Retype the data below verbatim; pictures do not belong in the copy.

---------- GIVEN INFORMATION ----------

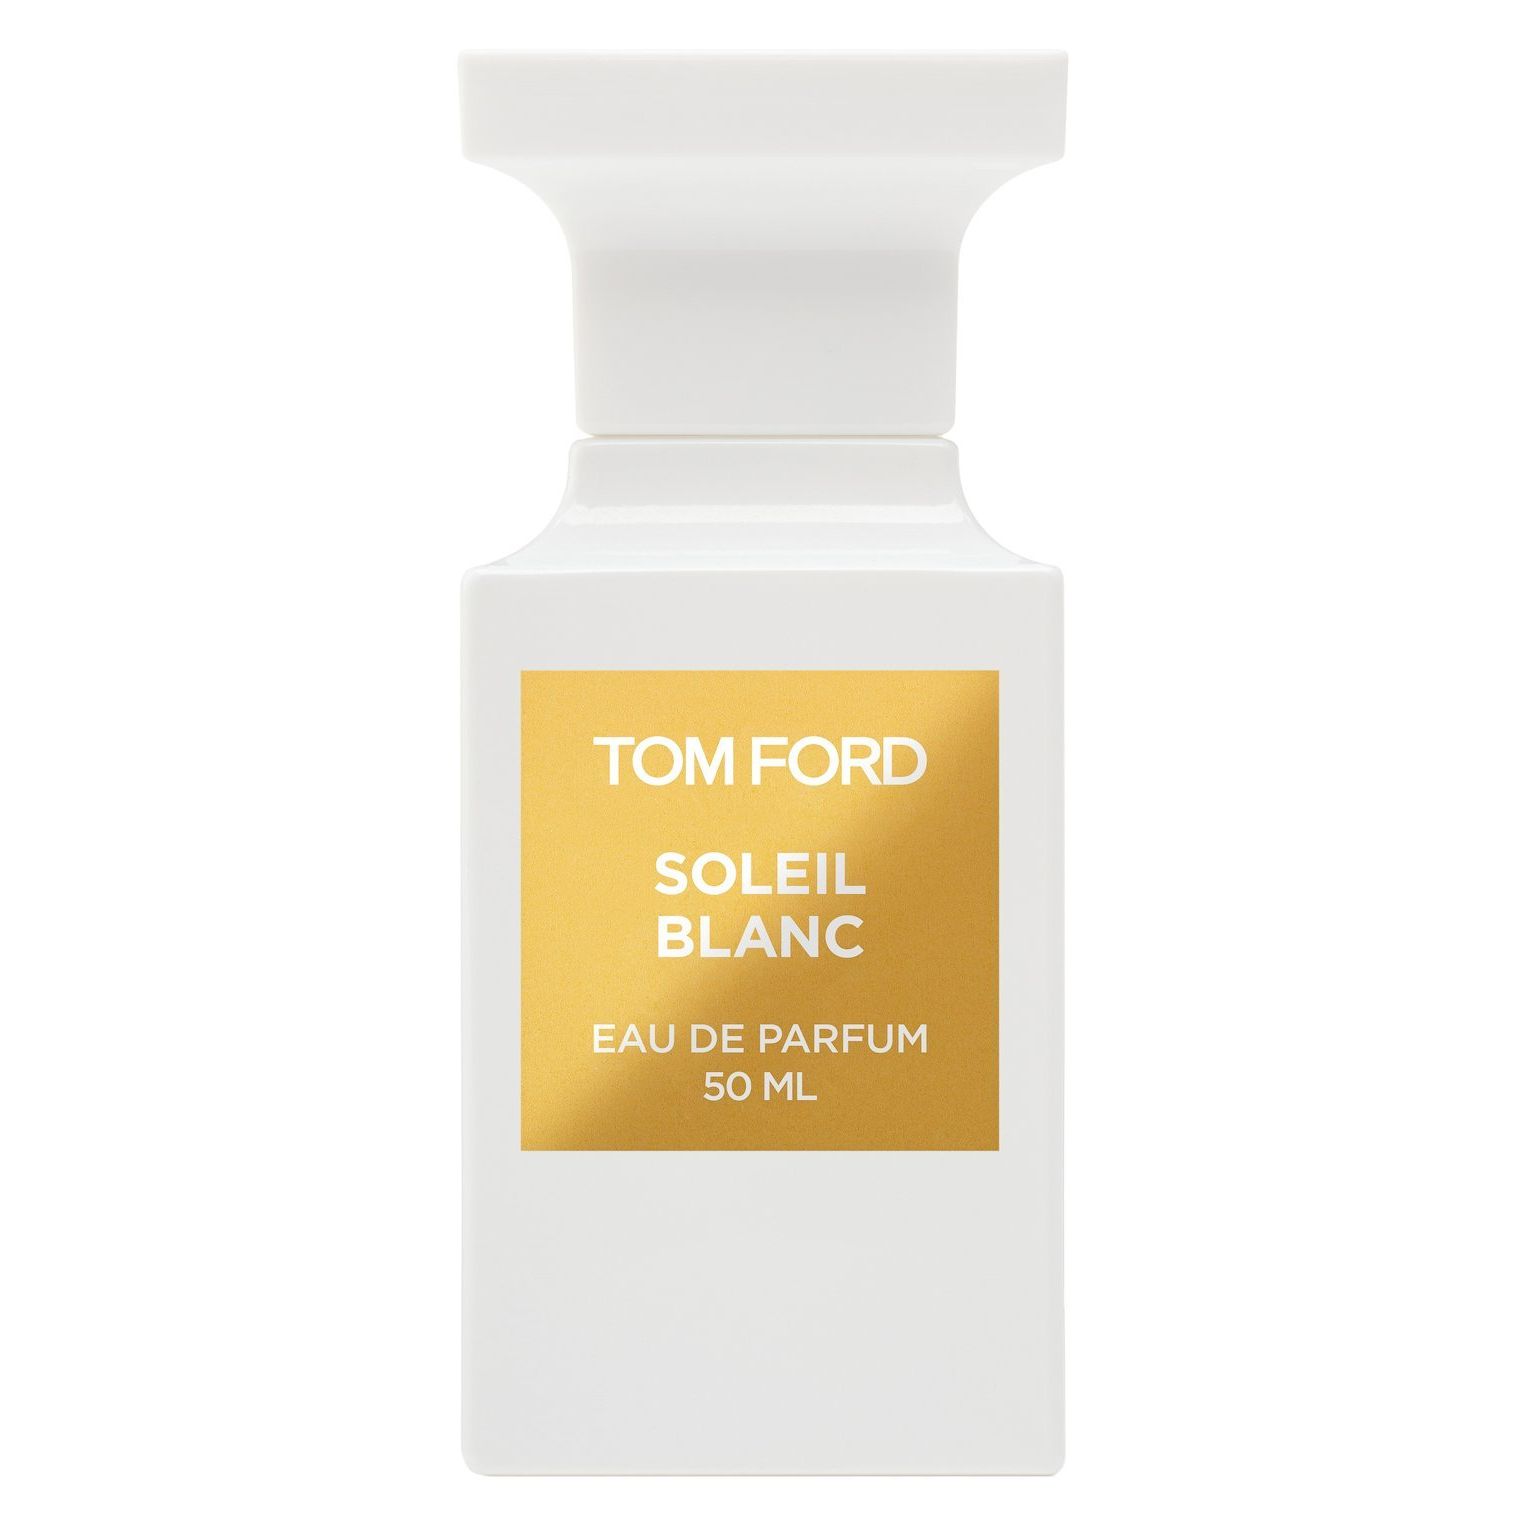 Вода парфюмерная Tom Ford Soleil Blanc, унисекс, 50 мл van cleef oud blanc 75
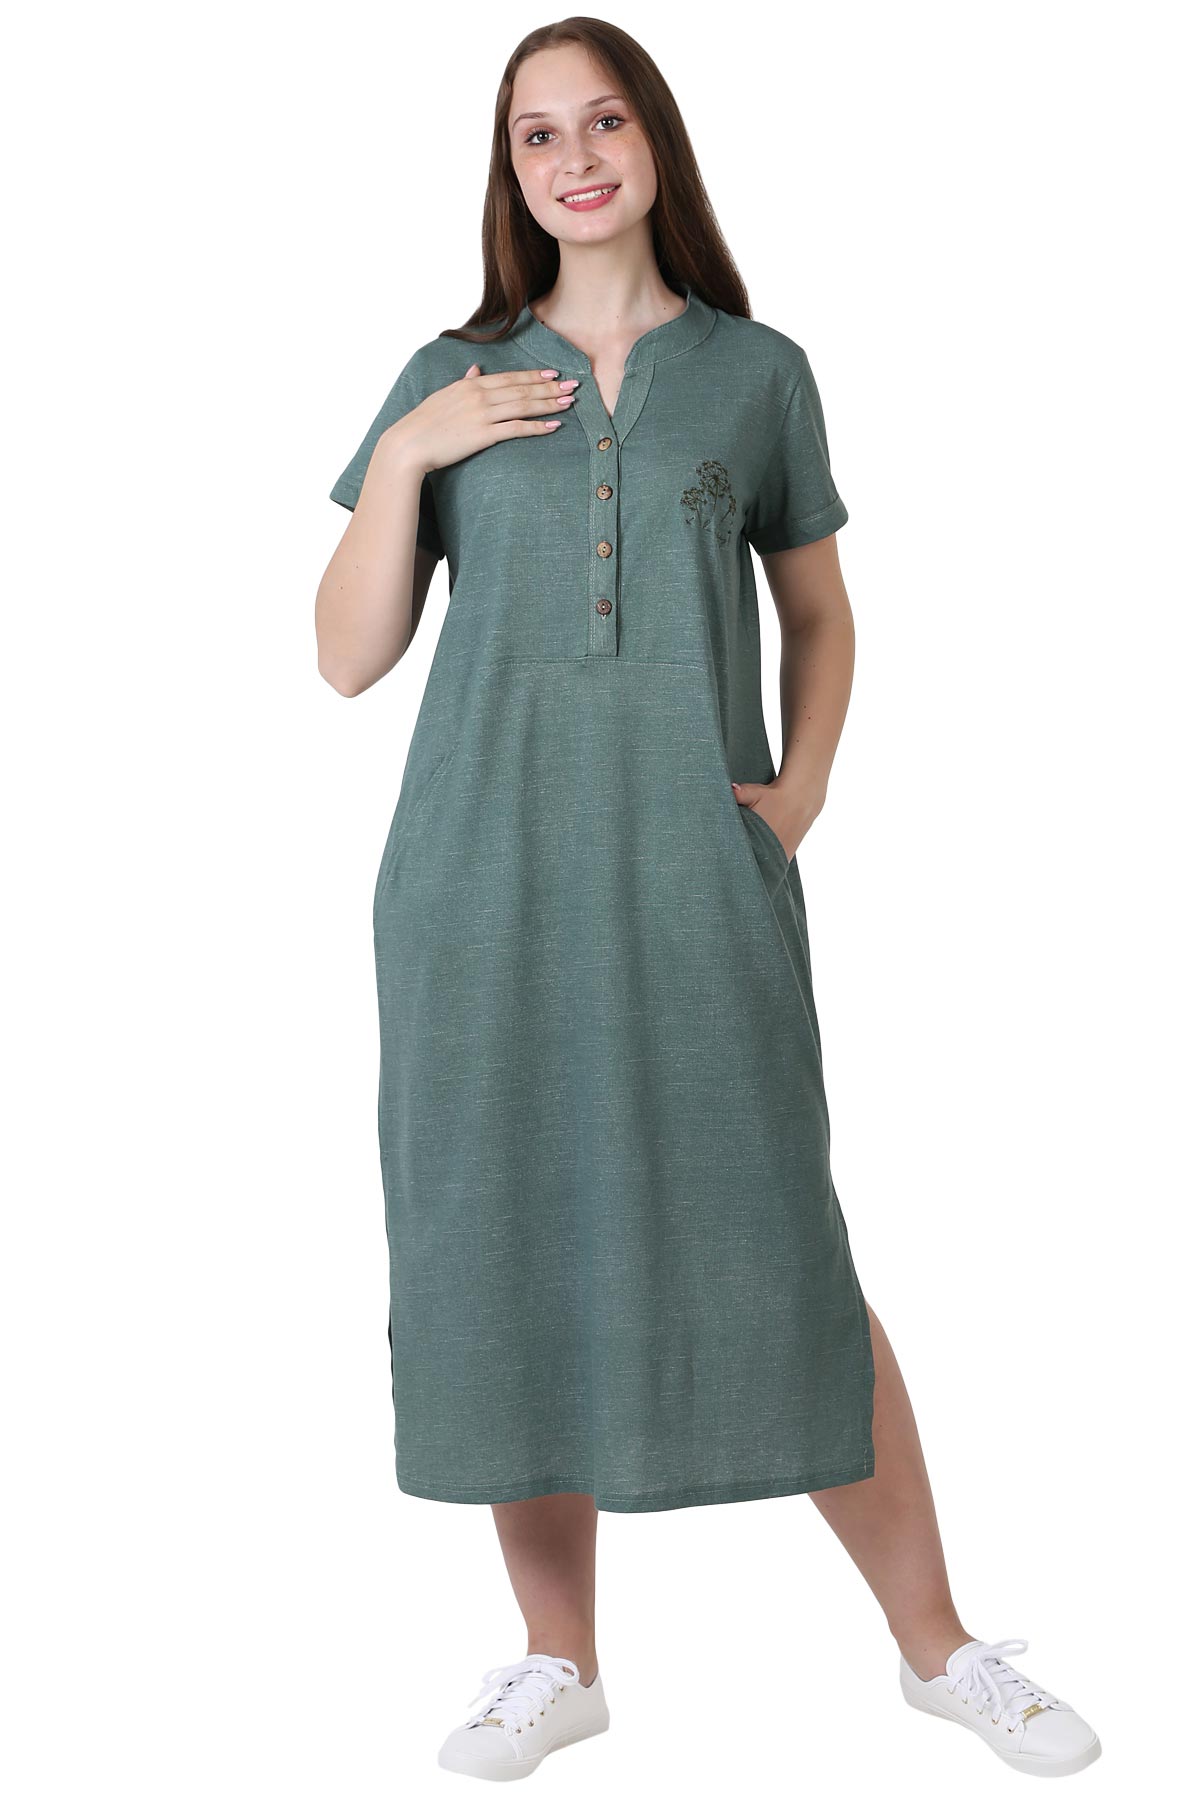 

Платье женское Оптима Трикотаж 22-0092 зеленое 48 RU, Зеленый, 22-0092
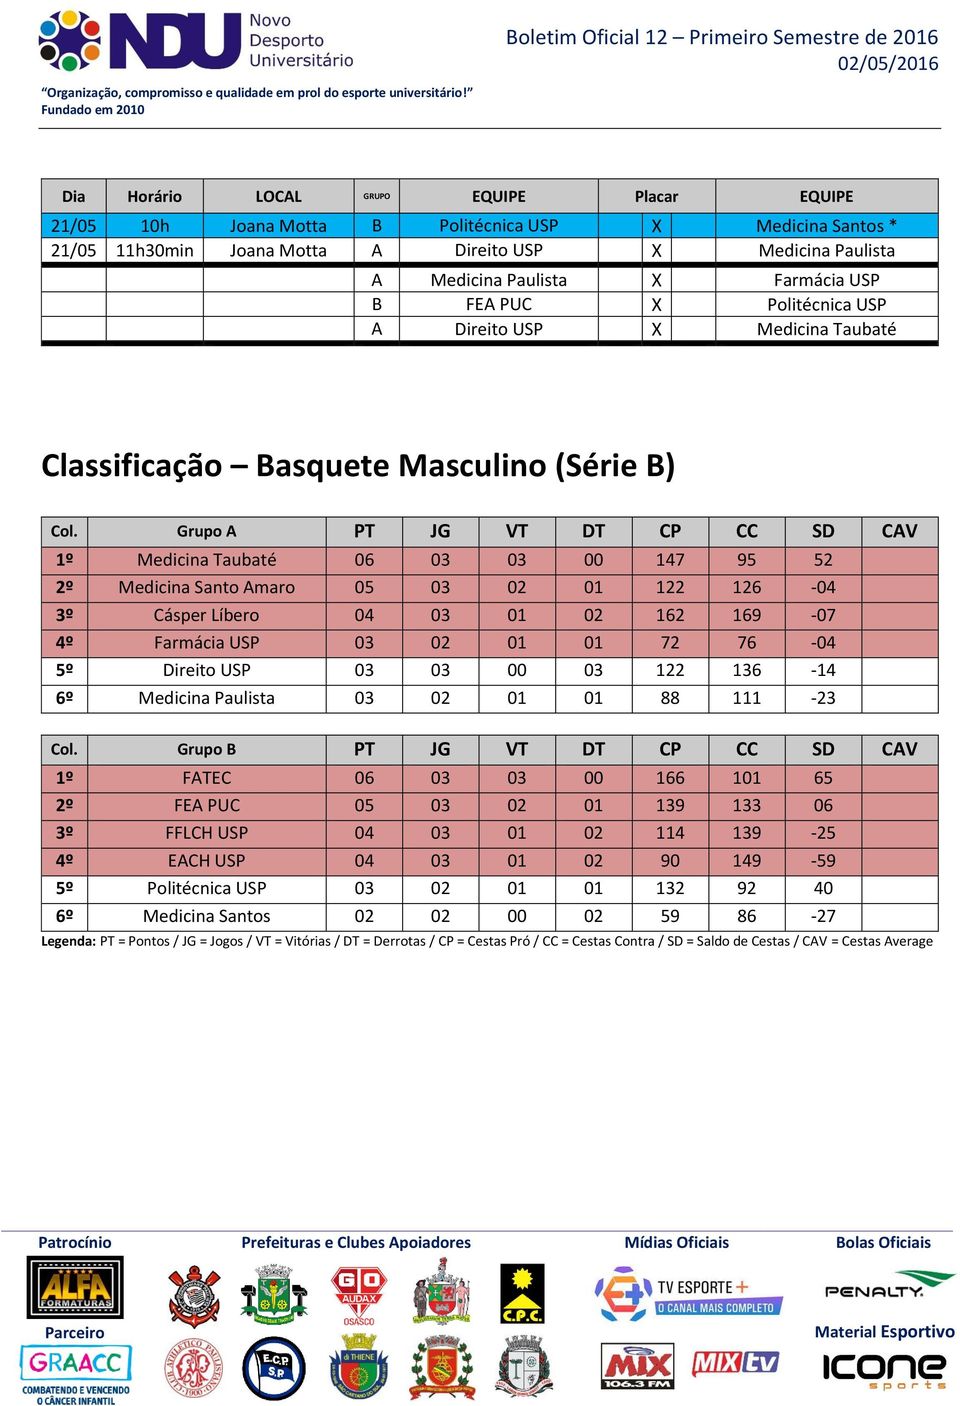 Taubaté Classificação Basquete Masculino (Série B) Col.

----------

EXERCISE ANSWER -
 Вода парфюмерная Tom Ford Soleil Blanc, унисекс, 50 мл van cleef oud blanc 75

Платье женское Оптима Трикотаж 22-0092 зеленое 48 RU, Зеленый, 22-0092
 Taubaté Classificação Basquete Masculino (Série B) Col.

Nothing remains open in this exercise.